The Wrecking Crew is a recurring group of fictional characters from the golf stories of British comic writer P. G. Wodehouse; a foursome infamous for their grotesque golfing techniques and tedious pace of play. The characters are referred to as "The First Grave Digger", "The Man with the Hoe", "Old Father Time", and "Consul, the Almost Human".

== Introduction ==
They featured prominently in the short story "Chester Forgets Himself" (1923), and act as a catalyst whereby the protagonist finds himself uttering a string of profanity in front of a lady whom he very much wants to impress.

"The Wrecking Crew consisted of four retired business men who had taken up the noble game late in life because their doctors had ordered them air and exercise."

Their moniker expresses their painfully awkward, brutally slow, meandering and extraordinarily destructive progress over the course—their endless practice-swings, infinite brooding over putts, labored swings, foozled shots and onward crawl, leaving a devastated landscape littered with massive, irreplaceable divots in their wake—but the individual names are allusive as well.

===The First Grave Digger===
The First Grave Digger is the nickname of Joseph Poskitt, who appears and is co-protagonist of the Oldest Member short story "The Letter of the Law". In this tale he is described as being "[…]somewhat short-sighted and completely muscle-bound[…]as an undergraduate, he had made a name as a hammer thrower." He plays the Final of his club's President's Cup against the scheming retired solicitor, Wadsworth Hemmingway.

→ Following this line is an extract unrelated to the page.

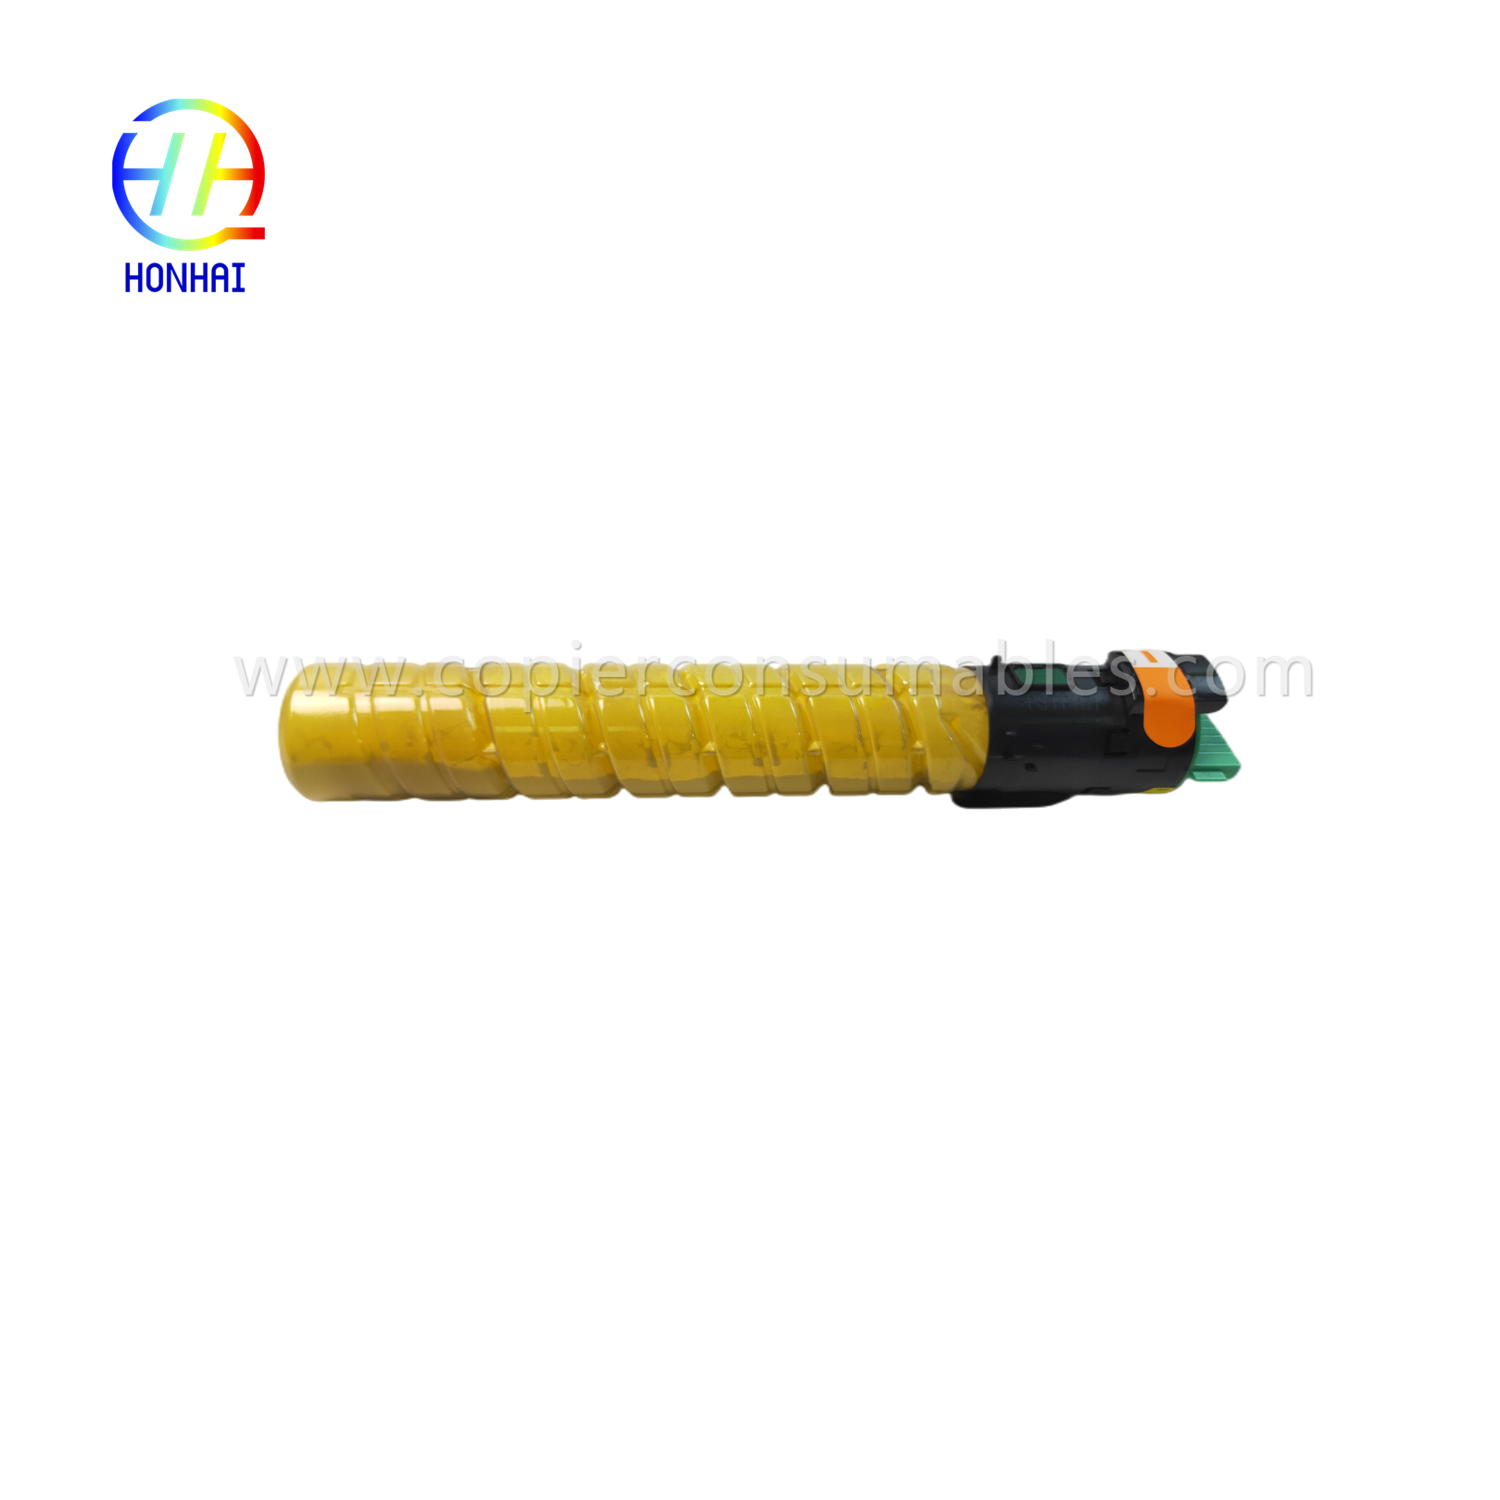 https://c585.goodao.net/toner-cartridge- yellow-for-ricoh-aficio-mpc2051-mpc2551-841501-product/
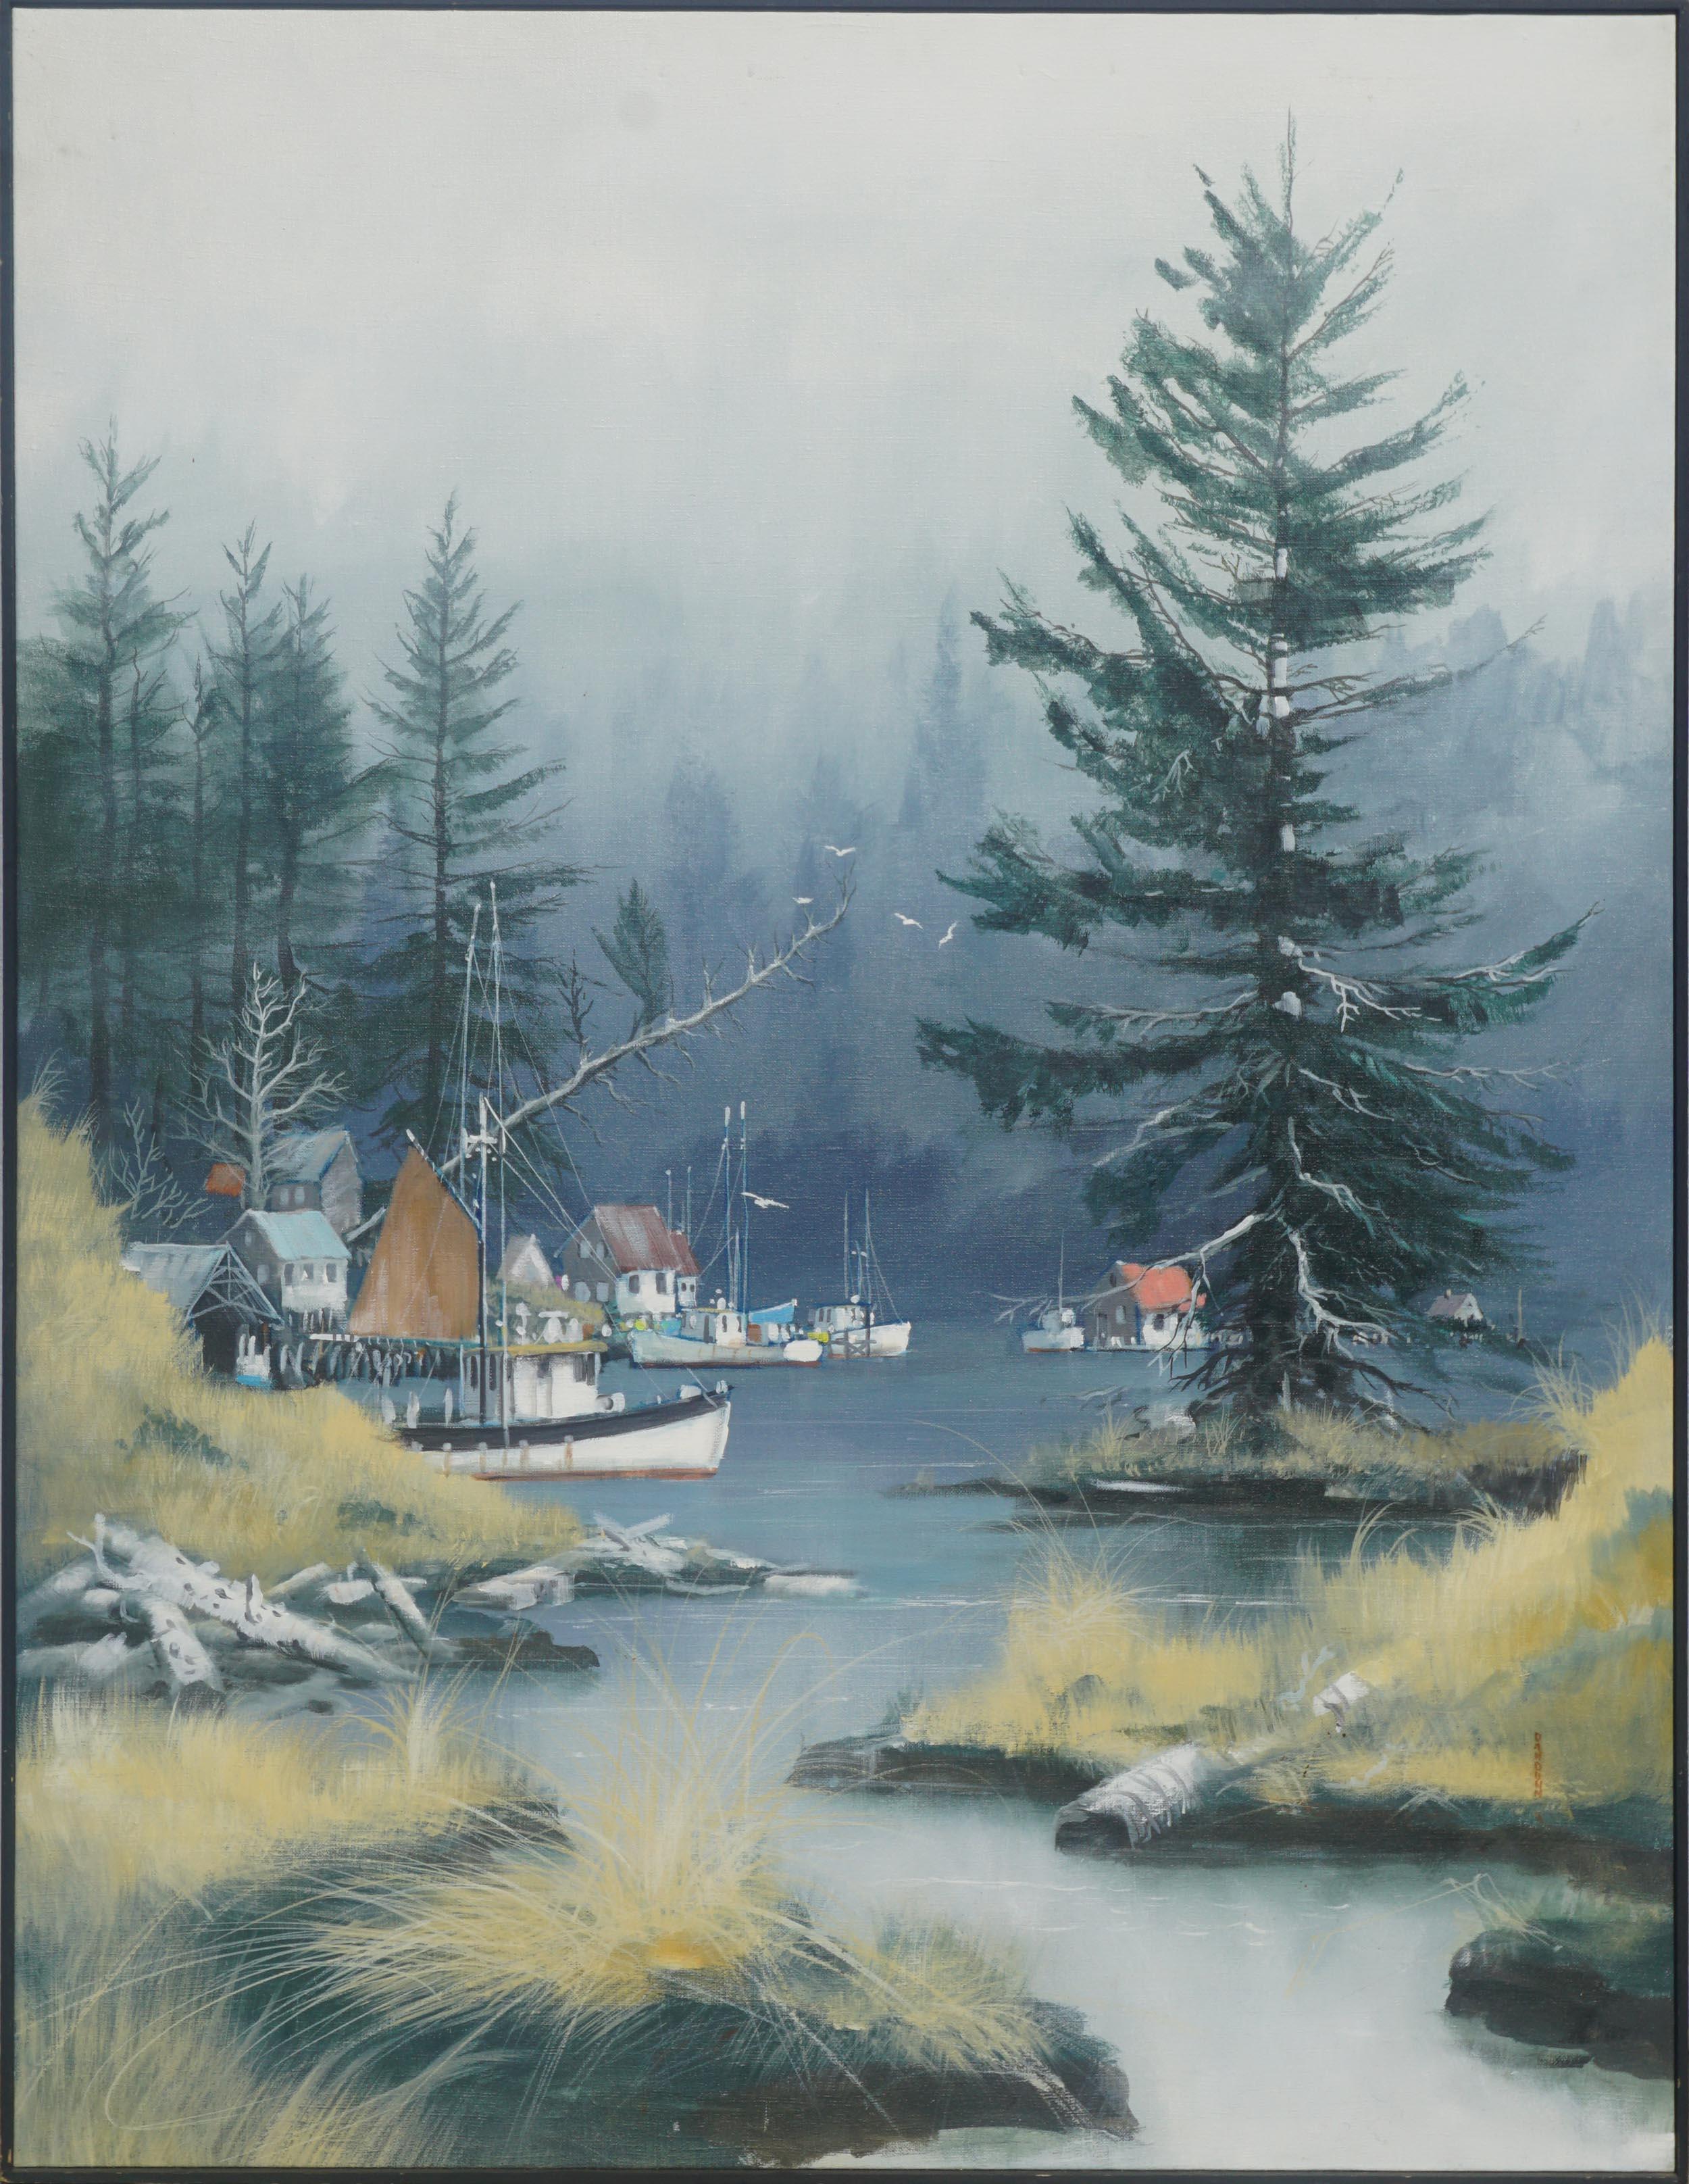 Dan Dunn Landscape Painting - Large Scale Alaska Fishing Village Landscape

He was "the star performer of the Wrecking Crew […] He differed from his colleagues […] in that, while they were content to peck cautiously at the ball, he never spared himself in his efforts to do it a violent injury."

The nickname "The First Grave Digger" is a reference to a character in Shakespeare's 'Hamlet', wherein (Act V, Scene 1) he sings the following callous ditty as he digs the grave of the fair Ophelia:

A pick-axe and a spade, a spade,
For an a shrouding sheet;
Oh, a pit of clay for to be made
For such a guest is meet.

=== The Man with the Hoe ===
"The Man with the Hoe" ("L'Homme à la Houe"), painted in 1861, is a famous painting by Jean-François Millet. Given the proclivities of the Wrecking Crew, Wodehouse may also have had in mind a poem inspired by Millet's work — Edwin Markham's "The Man with the Hoe," which begins

Bowed by the weight of centuries he leans
Upon his hoe and gazes on the ground,
The emptiness of ages in his face,
And on his back, the burden of the world.
Who made him dead to rapture and despair,
A thing that grieves not and that never hopes,
Stolid and stunned, a brother to the ox?
Who loosened and let down this brutal jaw?
Whose was the hand that slanted back this brow?
Whose breath blew out the light within this brain?

=== Old Father Time ===
Gaunt, white-bearded, and funereal, "Old Father Time" is at once the most familiar and the most ominous member of the Wrecking Crew quartet. With his hour-glass he measures out the precious hours allotted us on earth; with the stroke of his scythe he mows us down when our hour has come. He is always before us on the fairway of life.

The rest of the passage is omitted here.